2.5. Surface Acid-Base Properties

The acid-base sites on the surface of the catalysts are often determined by CO2/NH3-TPD. From the CO2-TPD spectrum (Figure 6a), it can be seen that all the catalysts have a CO2 desorption peak attributed to the weak base center at about 100 °C. There are only weak basic sites on Al, Mo/Al and K-Mo/Al catalysts, and the quantities of weak base sites decrease greatly when the active component Mo is introduced alone, but when K and Mo are introduced at the same time, the quantities of weak base sites is slightly more than that of the Al catalyst. For the K/Al catalyst, due to the addition of strong basic components, a wide overlapping CO2 desorption peak belonging to weak, medium and strong basic sites appeared.

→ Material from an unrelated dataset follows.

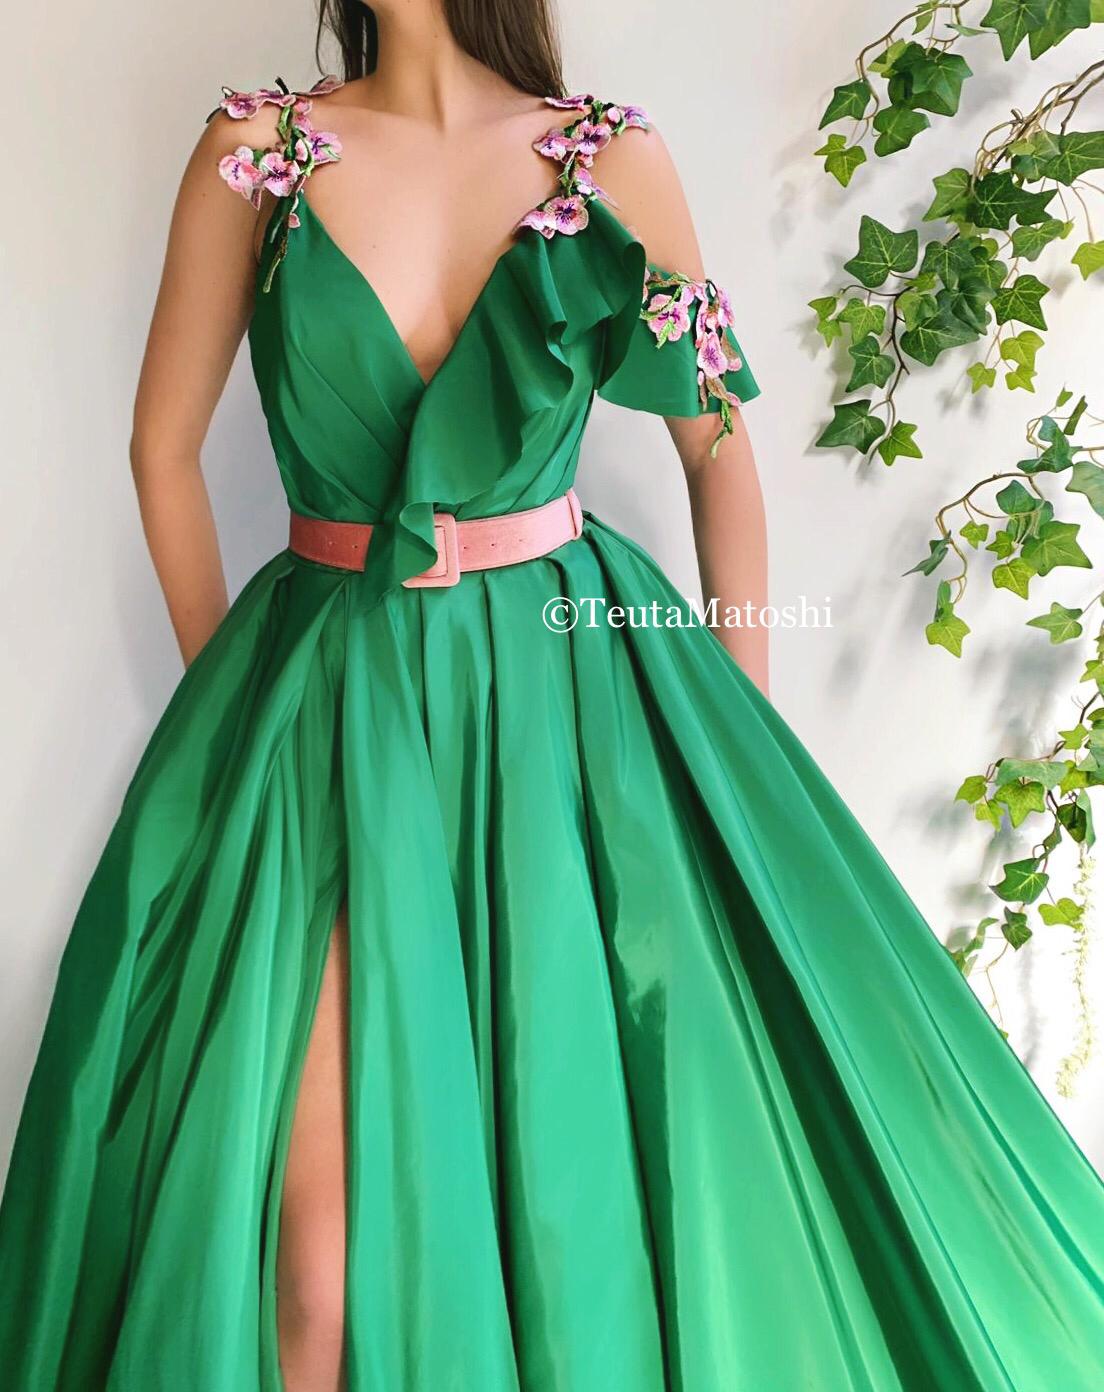 Green A-Line dress with one off the shoulder sleeve, straps, belt and embroidery

In addition, according to the NH3-TPD spectrum (Figure 6b), there are weak, medium and strong acid sites on the surface of the four catalysts, and their relative quantities are summarized in Table 1. Combining the activity evaluation result of the catalyst, it can be considered that strong acid sites and strong base sites are not conducive to the selectivity of methyl mercaptan.
The surface acidic sites of the catalysts can also be characterized by pyridine adsorption infrared spectroscopy. As shown in Figure 7, there are five characteristic peaks with different intensities at 1612, 1593, 1577, 1490 and 1444 cm−1, respectively, which are attributed to the different adsorption forms of pyridine on alumina [52]. The absorption peaks at 1612 and 1593 cm−1 belong to the 8a ring vibration mode of the coordination bond between pyridine and Lewis acid site, which belongs to the strong Lewis acid site [4]. When the active component Mo was introduced, a new pyridine desorption peak belonging to the Brønsted acid site appeared at 1540 cm−1, and the intensity of the pyridine desorption peak belonging to the Lewis acid site increased. When K is introduced, all the pyridine adsorption peaks shift to low wavenumber, which may be due to the strong interaction between K and the Al2O3 support [4]. The quantities of Lewis acid sites are in the following order: Mo/Al > Al > K/Al > K-Mo/Al. In addition, the intensity of pyridine desorption peak on the surface of K/Al and K-Mo/Al catalysts decreased with the increase of desorption temperature, and pyridine was desorbed completely on K/Al and K-Mo/Al catalysts at 250 °C (Figure S2), indicating that the Lewis acid on the surface of K/Al and K-Mo/Al catalysts is mainly a weak Lewis acid site.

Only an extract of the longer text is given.